Sechs Wochen später wurde nach einer anklagenden Auseinandersetzung im „Askanischen Hof“ unweit des Anhalter Bahnhofs die Verlobung wieder aufgelöst und Kafka spricht dann im Tagebuch von einem „Gerichtshof im Hotel“, von dem er sich widerstandslos verurteilen ließ. Diese Aussprache hat ihm zugleich für die Entstehung des Romans „Der Prozess“ einen Impuls geliefert. Im Juli 1916 kam Felice abermals nach Prag und die beiden verlobten sich ganz offiziell zum zweiten Mal. Kafka erwog jetzt ernsthaft seine Übersiedlung nach Berlin. Sollte der fünfjährige Kampf doch noch ein glückliches Ende finden? Im Blutsturz aus der Lunge am 9./10. August 1917 sah Kafka die Kulmination seines 5 Jahre währenden Ringens um die Ehe mit Felice. Das Schicksal hatte entschieden, in seiner Krankheit sah Kafka „zweifellos Gerechtigkeit, es ist ein gerechter Schlag, den ich…als etwas …durchaus Süßes (fühle)“. Die Lungenwunde sieht er als Sinnbild an, „deren Entzündung Felice und deren Tiefe Rechtfertigung heißt“, schreibt er ins Tagebuch. Die Krankheit hatte ihn befreit, die selbstquälerischen Zweifel von ihm genommen.
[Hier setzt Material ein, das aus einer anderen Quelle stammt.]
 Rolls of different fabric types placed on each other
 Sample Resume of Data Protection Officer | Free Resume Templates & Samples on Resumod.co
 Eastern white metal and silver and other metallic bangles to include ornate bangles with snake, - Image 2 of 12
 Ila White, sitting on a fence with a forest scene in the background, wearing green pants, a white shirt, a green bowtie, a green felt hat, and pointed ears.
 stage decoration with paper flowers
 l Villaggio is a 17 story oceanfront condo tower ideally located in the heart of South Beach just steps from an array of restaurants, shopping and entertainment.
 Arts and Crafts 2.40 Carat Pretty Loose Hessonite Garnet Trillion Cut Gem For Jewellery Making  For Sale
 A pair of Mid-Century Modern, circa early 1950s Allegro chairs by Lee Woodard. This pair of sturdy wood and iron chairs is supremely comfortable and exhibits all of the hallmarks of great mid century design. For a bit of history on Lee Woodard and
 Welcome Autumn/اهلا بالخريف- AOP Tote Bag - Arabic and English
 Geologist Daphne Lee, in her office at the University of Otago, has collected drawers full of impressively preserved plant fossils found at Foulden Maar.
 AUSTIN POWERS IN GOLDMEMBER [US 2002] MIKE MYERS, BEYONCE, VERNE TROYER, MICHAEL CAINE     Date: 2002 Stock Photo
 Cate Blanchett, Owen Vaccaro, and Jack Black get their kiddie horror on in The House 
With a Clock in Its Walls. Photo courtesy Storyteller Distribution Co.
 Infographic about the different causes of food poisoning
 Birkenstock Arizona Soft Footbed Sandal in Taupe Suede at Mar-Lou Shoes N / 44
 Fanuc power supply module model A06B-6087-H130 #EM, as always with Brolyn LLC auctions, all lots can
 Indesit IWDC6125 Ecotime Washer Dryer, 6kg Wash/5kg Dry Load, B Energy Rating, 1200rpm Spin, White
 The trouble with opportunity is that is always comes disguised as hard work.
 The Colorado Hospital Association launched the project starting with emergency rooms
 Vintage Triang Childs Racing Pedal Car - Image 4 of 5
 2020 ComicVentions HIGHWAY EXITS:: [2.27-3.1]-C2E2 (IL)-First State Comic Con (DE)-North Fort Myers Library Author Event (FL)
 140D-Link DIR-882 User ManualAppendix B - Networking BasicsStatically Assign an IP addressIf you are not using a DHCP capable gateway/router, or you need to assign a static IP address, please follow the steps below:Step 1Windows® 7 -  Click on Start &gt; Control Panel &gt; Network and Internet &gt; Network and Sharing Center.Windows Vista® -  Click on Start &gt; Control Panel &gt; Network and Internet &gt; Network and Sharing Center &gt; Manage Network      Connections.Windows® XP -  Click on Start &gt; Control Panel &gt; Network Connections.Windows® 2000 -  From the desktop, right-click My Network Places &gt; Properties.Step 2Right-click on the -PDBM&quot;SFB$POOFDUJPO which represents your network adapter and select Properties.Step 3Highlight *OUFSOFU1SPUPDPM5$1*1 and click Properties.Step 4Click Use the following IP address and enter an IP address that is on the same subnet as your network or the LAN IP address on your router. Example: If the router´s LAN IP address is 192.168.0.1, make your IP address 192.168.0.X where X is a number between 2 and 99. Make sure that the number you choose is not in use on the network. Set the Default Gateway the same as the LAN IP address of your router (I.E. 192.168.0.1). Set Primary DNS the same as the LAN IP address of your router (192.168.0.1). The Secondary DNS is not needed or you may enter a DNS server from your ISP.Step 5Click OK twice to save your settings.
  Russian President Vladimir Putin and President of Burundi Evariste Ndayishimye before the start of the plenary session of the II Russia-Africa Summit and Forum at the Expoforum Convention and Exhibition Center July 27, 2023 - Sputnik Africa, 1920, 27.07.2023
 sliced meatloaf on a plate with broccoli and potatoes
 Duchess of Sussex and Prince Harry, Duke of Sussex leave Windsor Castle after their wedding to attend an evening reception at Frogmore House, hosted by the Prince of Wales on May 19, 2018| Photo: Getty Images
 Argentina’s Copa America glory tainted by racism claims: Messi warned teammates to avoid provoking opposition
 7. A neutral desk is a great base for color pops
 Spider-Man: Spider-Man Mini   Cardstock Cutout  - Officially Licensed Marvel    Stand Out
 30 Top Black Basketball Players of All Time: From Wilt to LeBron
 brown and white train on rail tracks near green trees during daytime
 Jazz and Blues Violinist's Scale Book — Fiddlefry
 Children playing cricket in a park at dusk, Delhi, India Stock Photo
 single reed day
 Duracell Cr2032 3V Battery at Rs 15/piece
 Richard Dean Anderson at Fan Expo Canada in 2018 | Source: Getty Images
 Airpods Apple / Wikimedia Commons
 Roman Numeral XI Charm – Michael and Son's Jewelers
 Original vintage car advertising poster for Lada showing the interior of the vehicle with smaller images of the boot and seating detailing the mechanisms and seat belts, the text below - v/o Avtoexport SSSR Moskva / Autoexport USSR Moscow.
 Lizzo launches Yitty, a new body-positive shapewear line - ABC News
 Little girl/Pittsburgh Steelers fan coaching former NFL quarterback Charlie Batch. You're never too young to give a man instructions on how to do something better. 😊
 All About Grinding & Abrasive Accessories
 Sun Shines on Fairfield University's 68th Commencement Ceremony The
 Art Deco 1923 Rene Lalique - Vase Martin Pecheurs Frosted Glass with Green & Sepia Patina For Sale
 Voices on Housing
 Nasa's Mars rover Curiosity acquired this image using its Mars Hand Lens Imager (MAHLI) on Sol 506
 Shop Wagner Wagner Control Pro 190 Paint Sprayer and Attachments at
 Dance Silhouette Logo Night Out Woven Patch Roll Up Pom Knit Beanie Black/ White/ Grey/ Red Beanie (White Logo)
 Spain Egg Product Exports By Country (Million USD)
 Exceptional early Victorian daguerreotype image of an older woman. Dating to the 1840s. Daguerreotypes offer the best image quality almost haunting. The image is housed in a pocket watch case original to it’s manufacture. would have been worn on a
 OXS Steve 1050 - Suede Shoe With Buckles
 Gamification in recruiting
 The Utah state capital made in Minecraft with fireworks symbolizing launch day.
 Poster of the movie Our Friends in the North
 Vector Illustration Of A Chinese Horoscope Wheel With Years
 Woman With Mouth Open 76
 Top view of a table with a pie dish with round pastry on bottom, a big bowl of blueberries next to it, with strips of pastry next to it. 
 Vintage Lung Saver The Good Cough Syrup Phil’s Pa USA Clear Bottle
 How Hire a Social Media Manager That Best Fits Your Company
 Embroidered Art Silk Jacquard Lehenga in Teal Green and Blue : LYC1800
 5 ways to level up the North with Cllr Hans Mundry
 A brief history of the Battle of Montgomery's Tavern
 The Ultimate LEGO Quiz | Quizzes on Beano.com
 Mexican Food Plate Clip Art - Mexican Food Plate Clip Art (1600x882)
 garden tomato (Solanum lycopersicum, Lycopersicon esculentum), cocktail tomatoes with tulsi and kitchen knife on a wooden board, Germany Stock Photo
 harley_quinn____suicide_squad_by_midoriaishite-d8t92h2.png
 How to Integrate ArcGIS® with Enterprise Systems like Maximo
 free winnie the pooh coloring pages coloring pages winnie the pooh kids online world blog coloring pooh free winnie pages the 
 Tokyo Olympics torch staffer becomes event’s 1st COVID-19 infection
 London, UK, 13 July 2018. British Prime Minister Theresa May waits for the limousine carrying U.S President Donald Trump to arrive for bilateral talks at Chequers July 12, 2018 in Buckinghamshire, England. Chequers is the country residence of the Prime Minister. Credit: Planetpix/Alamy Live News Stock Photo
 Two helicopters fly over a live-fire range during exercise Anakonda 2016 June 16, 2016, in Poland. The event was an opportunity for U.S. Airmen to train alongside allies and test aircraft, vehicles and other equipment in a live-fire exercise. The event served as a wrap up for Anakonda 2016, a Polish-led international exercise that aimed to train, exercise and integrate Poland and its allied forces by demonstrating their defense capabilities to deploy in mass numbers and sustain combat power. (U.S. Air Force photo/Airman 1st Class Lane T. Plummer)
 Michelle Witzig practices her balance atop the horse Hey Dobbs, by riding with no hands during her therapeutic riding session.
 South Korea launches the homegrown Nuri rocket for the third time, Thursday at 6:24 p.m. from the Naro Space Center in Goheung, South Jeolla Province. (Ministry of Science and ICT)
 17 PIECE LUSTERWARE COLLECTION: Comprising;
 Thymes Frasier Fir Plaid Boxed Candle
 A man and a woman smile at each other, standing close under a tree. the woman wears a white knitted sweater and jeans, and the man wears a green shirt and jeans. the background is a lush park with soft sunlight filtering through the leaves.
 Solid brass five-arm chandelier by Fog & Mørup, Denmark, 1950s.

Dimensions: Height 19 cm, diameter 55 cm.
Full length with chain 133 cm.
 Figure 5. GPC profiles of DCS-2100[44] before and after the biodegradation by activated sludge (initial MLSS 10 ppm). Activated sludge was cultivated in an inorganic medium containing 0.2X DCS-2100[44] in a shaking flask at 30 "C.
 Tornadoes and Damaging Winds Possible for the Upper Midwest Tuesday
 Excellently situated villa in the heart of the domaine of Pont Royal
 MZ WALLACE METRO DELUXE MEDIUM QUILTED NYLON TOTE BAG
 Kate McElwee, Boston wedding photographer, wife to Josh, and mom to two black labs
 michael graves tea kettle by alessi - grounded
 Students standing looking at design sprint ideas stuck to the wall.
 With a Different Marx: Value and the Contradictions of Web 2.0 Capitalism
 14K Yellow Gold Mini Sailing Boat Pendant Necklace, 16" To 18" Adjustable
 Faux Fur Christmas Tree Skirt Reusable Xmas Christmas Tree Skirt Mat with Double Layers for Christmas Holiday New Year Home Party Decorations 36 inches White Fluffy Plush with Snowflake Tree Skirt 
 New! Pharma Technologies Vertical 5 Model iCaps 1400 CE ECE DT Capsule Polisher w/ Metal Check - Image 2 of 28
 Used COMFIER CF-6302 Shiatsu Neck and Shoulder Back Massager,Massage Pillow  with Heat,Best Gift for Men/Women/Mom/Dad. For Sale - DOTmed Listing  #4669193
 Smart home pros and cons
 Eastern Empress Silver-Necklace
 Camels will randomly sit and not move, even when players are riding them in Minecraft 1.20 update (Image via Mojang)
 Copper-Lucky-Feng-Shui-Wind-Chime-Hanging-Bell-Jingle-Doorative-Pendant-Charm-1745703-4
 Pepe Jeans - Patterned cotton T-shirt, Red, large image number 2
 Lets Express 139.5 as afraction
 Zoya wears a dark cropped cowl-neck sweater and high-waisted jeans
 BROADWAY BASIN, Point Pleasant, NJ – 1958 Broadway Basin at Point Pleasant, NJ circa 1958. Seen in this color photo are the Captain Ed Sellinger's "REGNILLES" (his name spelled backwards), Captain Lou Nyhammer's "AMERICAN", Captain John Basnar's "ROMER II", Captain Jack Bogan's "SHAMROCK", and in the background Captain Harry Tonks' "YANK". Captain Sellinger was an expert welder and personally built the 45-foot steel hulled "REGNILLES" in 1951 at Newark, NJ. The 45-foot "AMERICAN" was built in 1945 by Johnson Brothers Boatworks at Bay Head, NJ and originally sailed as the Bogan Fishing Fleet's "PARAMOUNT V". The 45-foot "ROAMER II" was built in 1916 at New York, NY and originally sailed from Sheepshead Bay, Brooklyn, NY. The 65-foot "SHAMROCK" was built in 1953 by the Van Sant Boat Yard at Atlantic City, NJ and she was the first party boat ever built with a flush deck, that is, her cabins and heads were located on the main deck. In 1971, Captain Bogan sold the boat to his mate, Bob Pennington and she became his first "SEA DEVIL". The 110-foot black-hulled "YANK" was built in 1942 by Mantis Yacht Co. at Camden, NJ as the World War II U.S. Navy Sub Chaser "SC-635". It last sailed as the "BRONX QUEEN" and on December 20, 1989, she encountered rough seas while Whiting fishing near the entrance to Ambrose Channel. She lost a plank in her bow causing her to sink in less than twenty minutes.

Kafkas Traum von Berlin schien also 1917 ausgeträumt gewesen zu sein. Aber im Juli 1923 lernte er an der Müritz, wohin er seiner Schwester Elli gefolgt war, in einer Ferienkolonie des Berliner Jüdischen Volksheimes Dora Diamant kennen. Dora war 25 und Kafka soeben 40 geworden. Konnte ihn diese selbstbewusste und tüchtige junge Frau aus den Gedanken reißen, dass ihm die „Menschenwelt“ zusehends entgleitet? Konnte er mit ihr der Wiederholung alter Lebensmuster entgehen? Am 23. September 1923 begab sich der geschwächte Kafka abermals nach Berlin und nahm in Steglitz Quartier. Mit einiger Kontinuität besuchte er die Hochschule für die Wissenschaft des Judentums. Am 1. Februar 1924 zog er mit Dora nach Zehlendorf; sie war die einzige Frau, mit der er je zusammenlebte. Seine früheren Beziehungen, zumal jene mit Felice, waren an seiner Angst gescheitert, zu große Nähe könnte sein Schreiben und damit ihn selbst auf unerträgliche Weise gefährden. Doch Dora hatte plötzlich von seinem Leben Besitz ergriffen – und dies schien ihm keinerlei Probleme bereitet zu haben. In ihr schien er gefunden zu haben, was er sein Leben lang vermisst hatte: eine natürliche, verständnisvolle Partnerin. Durch die Liebe zu Dora war Kafka nicht nur der Einsamkeit entronnen, sondern auch Prag. „Ich möchte wohl wissen, ob ich den Gespenstern entkommen bin“, habe er immer wieder gesagt, so erinnerte sich Dora später. Nein, die Gespenster tanzten noch immer. Die besorgniserregende Krankheit erzwang Mitte März 1924 eine Rückkehr nach Prag und von dort weiter – hingebungsvoll von Dora umsorgt – ins Sanatorium in Kierling, wo er am 3. Juni, einen Monat vor seinem 41. Geburtstag, starb.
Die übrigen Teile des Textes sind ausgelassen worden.